▶ _To do_:
Your answer should be one number: the count of lines in the records that include the word "Boutique".
[Listed entries]
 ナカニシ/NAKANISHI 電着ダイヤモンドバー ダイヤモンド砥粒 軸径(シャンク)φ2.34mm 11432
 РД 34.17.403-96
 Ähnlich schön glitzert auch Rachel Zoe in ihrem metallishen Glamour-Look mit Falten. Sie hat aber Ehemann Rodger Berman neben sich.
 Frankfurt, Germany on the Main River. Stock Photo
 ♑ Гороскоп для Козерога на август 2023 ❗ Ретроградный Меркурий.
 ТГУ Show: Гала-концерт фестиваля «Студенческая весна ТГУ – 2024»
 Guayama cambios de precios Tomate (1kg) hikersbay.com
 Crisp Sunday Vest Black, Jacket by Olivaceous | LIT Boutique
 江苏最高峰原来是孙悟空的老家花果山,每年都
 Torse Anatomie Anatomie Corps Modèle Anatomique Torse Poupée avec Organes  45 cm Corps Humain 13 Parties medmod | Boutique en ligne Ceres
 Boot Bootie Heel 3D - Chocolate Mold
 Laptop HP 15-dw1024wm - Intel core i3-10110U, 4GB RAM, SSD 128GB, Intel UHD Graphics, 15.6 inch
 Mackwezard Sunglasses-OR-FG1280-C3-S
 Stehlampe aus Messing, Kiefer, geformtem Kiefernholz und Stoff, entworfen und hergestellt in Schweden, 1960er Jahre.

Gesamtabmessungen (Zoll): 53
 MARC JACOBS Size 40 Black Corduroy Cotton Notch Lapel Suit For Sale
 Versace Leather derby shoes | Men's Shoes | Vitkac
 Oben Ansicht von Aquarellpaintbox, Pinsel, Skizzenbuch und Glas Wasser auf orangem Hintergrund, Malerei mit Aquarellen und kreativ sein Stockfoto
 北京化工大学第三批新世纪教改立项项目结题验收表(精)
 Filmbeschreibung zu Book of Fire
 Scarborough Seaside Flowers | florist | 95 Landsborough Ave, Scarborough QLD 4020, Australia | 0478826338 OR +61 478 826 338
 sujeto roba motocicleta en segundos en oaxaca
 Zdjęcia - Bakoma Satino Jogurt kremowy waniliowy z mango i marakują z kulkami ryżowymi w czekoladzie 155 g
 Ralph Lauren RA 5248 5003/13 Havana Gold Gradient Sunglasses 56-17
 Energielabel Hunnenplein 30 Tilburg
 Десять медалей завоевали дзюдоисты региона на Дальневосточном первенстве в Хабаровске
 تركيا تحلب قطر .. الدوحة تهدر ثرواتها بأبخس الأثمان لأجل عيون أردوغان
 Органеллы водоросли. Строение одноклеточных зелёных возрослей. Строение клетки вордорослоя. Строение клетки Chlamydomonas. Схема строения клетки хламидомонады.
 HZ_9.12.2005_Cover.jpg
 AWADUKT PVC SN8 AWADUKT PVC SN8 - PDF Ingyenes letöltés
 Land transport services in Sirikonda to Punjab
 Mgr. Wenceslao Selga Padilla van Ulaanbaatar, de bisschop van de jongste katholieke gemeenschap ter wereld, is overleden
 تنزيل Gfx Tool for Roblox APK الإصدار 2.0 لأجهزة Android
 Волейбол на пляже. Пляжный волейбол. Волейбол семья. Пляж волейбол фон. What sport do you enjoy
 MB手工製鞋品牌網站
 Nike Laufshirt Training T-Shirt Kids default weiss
[/Listed entries]
▶ _Exercise response_:
2